Enrica Lexie: conclusione dell’arbitrato Italia-India

Articolo di Davide Isleiman

Il 15 febbraio 2012, a circa 20 miglia nautiche dalle coste dello Sri Lanka, viaggiava la petroliera Enrica Lexie battente bandiera italiana, supportata a bordo da 6 fucilieri appartenenti al 2° reggimento San Marco della marina militare italiana, in missione di protezione in acque a rischio di pirateria.

Secondo la versione del governo italiano basata sul rapporto dell’equipaggio, la Enrica Lexie vide un’imbarcazione da pesca con cinque persone armate a bordo dirigersi verso di loro con intenzioni ostili. I sei militari misero quindi in atto le azioni dissuasive consistenti in segnalazioni luminose e raffiche di colpi d’avvertimento che persuasero l’imbarcazione a cambiare rotta.

Nel frattempo il capitano della nave stilò un rapporto sull’accaduto che inviò immediatamente alle autorità italiane e al Maritime Security Center Horn of Africa. 
Successivamente la Enrica Lexie venne contattata dalle autorità indiane per contribuire al riconoscimento di alcuni sospetti pirati, il comandante accolse la richiesta e attraccò. A seguito dell’apertura dell’indagine delle autorità indiane, i due marò Latorre e Girone vennero arrestati e accusati di aver ucciso non due pirati ma bensì dei pescatori.

Giurisdizione

La difesa dei due militari italiani si è basata su due argomenti principali, l’immunità funzionale di cui essi godevano nell’esercizio del loro compito e la mancanza di giurisdizione dell’India nel luogo in cui è accaduto il fatto.

Il diritto internazionale regola la spartizione di porzioni di mare tra gli stati, e l’attribuzione dei poteri statali su di essi con la Convenzione delle Nazioni Unite Sul Diritto del Mare, adottato a Montego Bay nel 1982, che altro non è che un trattato nel quale sono confluite norme di diritto consuetudinario consolidatesi nel tempo.

Esistono tre distinte aree che a partire dalla costa di uno Stato, conferiscono a quest’ultimo la possibilità di esercitare determinati poteri.

​1) il mare territoriale: esso si estende dalla costa fino a 12 miglia marittime, esso va considerato come territorio statale e pertanto lo Stato costiero ha la piena sovranità su questo spazio di mare.
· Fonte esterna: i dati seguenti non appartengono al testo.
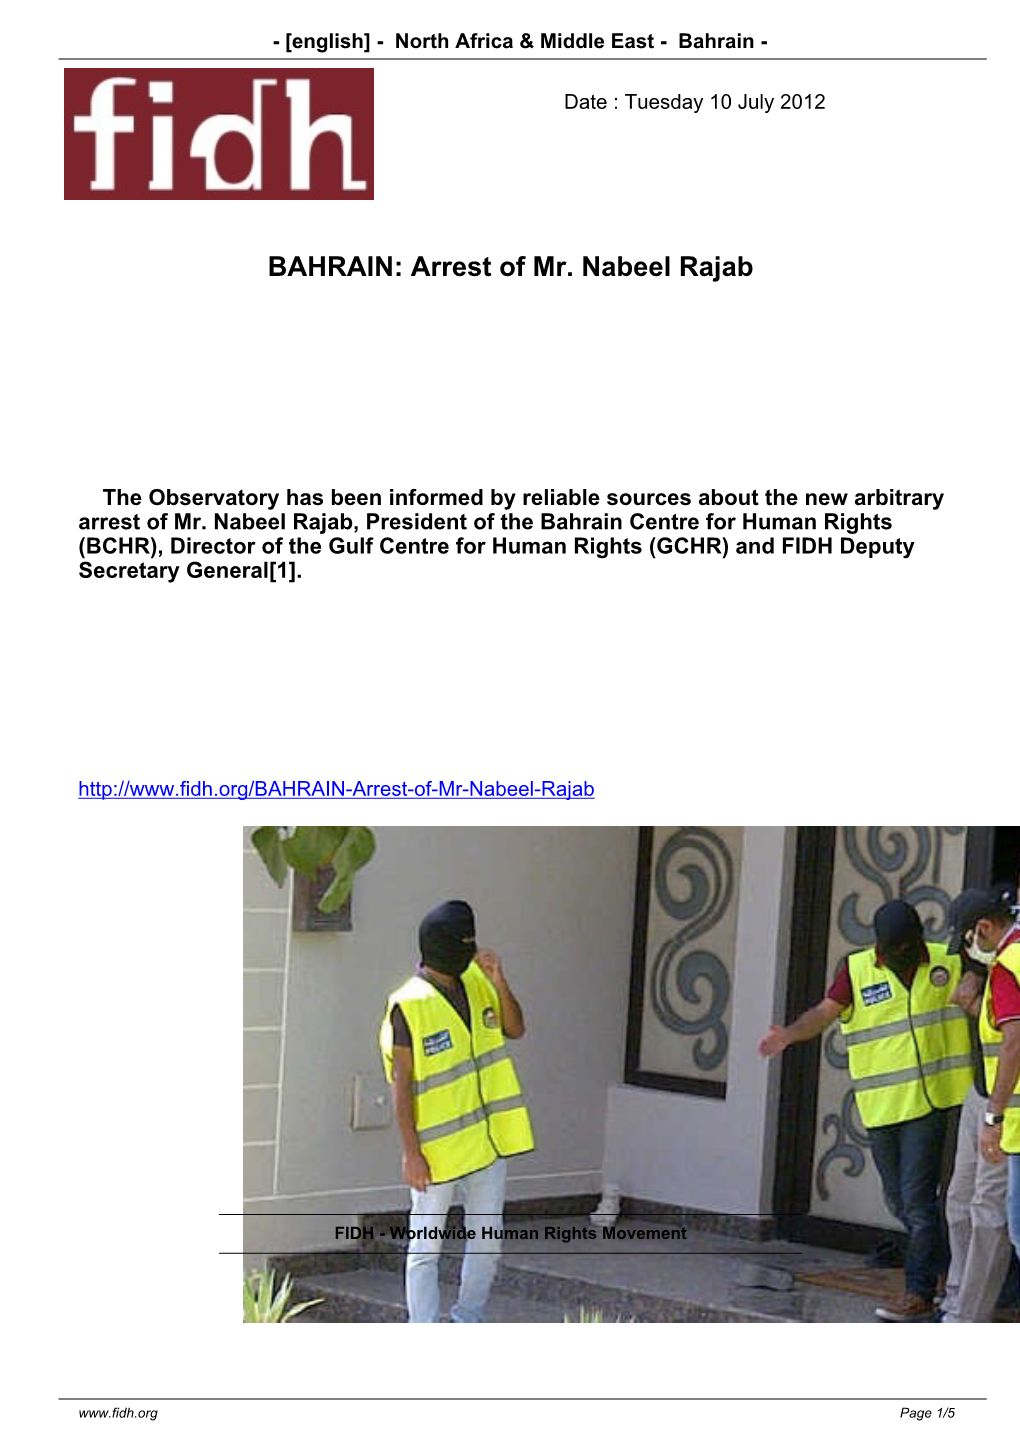 Arrest of Mr. Nabeel Rajab

​2) La zona contigua: che si estende fino a un massimo di 24 miglia dalla costa. In tale zona lo stato ha il potere di esercitare la sovranità soltanto prevenire e sanzionare illeciti di tipo fiscale, sanitario, doganale o di immigrazione. Stando al tenore letterale dell’art.33 UNCLOS, lo Stato non ha quindi il potere di esercitare la giurisdizione penale in tale spazio di mare.
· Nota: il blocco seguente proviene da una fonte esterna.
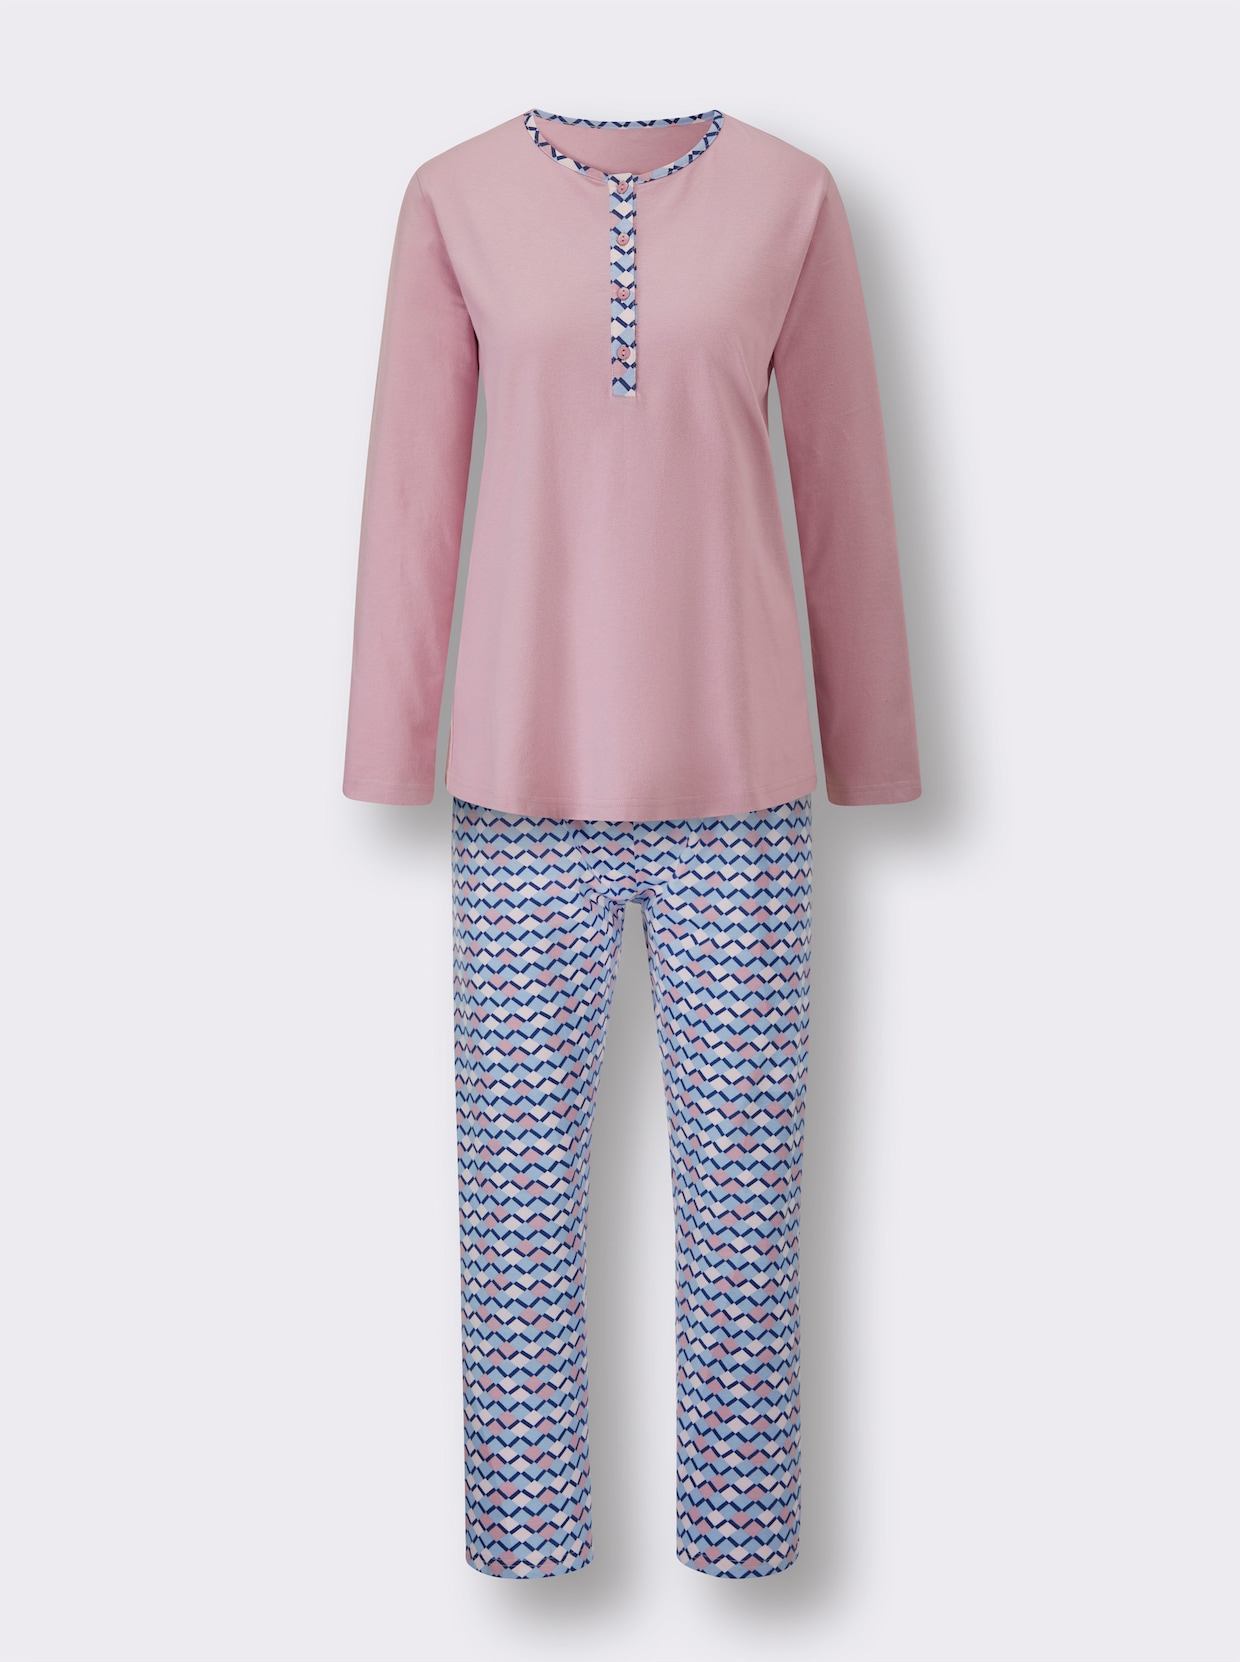 Comtessa Schlafanzug - rosé-bleu-bedruckt

​3) la zona economica esclusiva: La ZEE è stata istituita per fini economici, si estende fino a 200 miglia nautiche e costituisce una zona in cui lo stato ha diritti sullo sfruttamento e la gestione delle risorse naturali presenti sul fondale marino. Può esercitare la giurisdizione penale ma soltanto quando strettamente correlati a violazione dei suddetti diritti.

Per quanto riguarda le imbarcazioni, ogni nave batte la bandiera dello Stato presso cui è registrata che vi esercita la giurisdizione esclusiva in acque internazionali.

Per guanto riguarda la giurisdizione penale in diritto internazionale, chiaramente essa sussiste pienamente sugli atti avvenuti nel territorio dello Stato, in forza del principio territoriale. Mentre per le condotte extra-territoriali o in cui gli elementi dell’accaduto siano in qualche modo riconducibili a stati diversi, l’esercizio della giurisdizione si basa su criteri diversi da quello territoriale e può dar luogo a dispute. Tali dispute si risolvono generalmente attraverso l’applicazione delle norme di diritto internazionale oppure in caso non sia possibile, dovrà riconoscersi una concorrenza di giurisdizioni.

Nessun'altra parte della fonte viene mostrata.